Riguardo ai contenuti dell’azione pedagogica, le Linee insistono sull’ecosistema formativo nel quale il bambino nasce e cresce. In un certo senso si registra il superamento della famiglia a favore di “un ecosistema nel quale le molteplici influenze culturali si incontrano ma non sempre si riconoscono”. Non vi è una sola cultura o visione del mondo da trasmettere legata all’origine dei genitori: esistono “culture educative, scelte familiari che riguardano i valori, i regimi di vita dei bambini, la salute, l’alimentazione, le regole e lo stile delle relazioni, i linguaggi e i rapporti con i diversi media”. La fine della famiglia tradizionale, individuata nelle reti parentali, comporta la pluralità dei modi di essere famiglia, sia riguardo alle scelte etiche e personali, sia all’origine geografica della famiglia stessa. Tutto ciò implica accoglienza e rispetto.
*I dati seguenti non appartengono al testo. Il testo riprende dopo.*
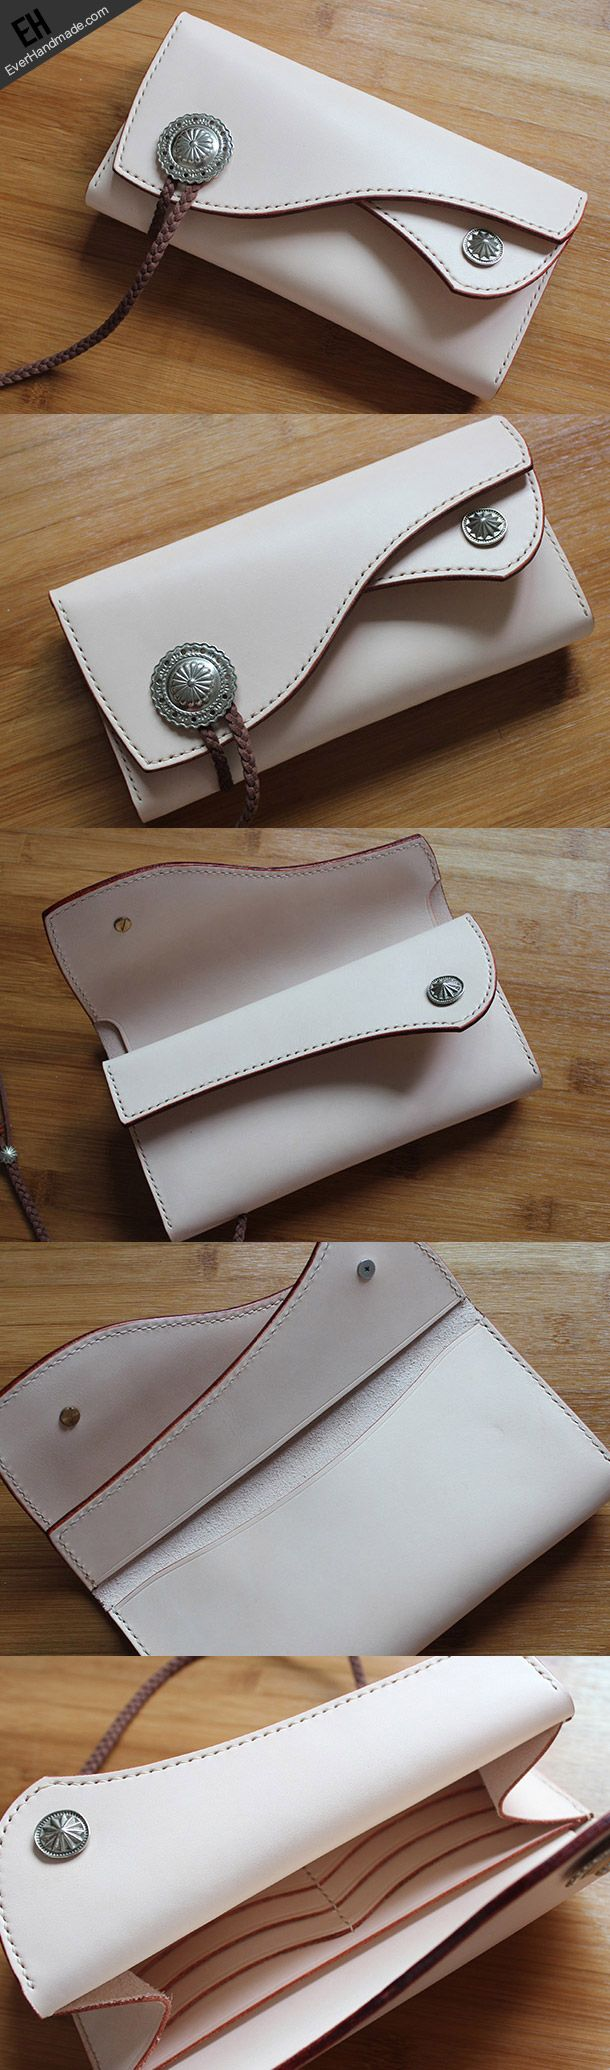 Handmade custom vintage purses leather wallets long phones wallets blue women

Il documento fa presente a questo proposito che “la crescita di un bambino non è solo una questione privata, della famiglia, ma deve essere considerata al contempo anche una sfida che impegna tutta la società”.
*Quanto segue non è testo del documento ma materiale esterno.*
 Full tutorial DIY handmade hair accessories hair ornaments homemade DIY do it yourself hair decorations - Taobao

La dimensione nuova nella quale il bambino dovrà crescere (e in questo senso dovrà essere costruito il sistema integrato) è la “dimensione sociale”, per cui il ruolo fondamentale della scuola è l’attivazione di interventi che agiscono sulla molteplicità dei linguaggi simbolico-espressivi nei quali è immerso. I valori fondativi del servizio educativo-formativo sono pertanto: l’accoglienza, la democrazia e la partecipazione. La promozione della cittadinanza democratica appare dunque come ultima finalità di un percorso che si articola in una serie di passaggi analitici ai quali si rimanda.

Il testo presenta molte altre parti che esulano dallo spazio di questa semplice segnalazione. Per il valore di “cesura storica” con cui si segnala nel contesto attuale, se ne raccomanda una lettura critica, non scontata né pregiudizialmente impostata. Una lettura però mossa da una semplice domanda: il desiderio di bene, bellezza e giustizia che ci anima come adulti e educatori come può intercettare la sfida posta da questo documento e dalle sue categorie? È tutto così semplice o c’è qualcosa che ci sta sfuggendo?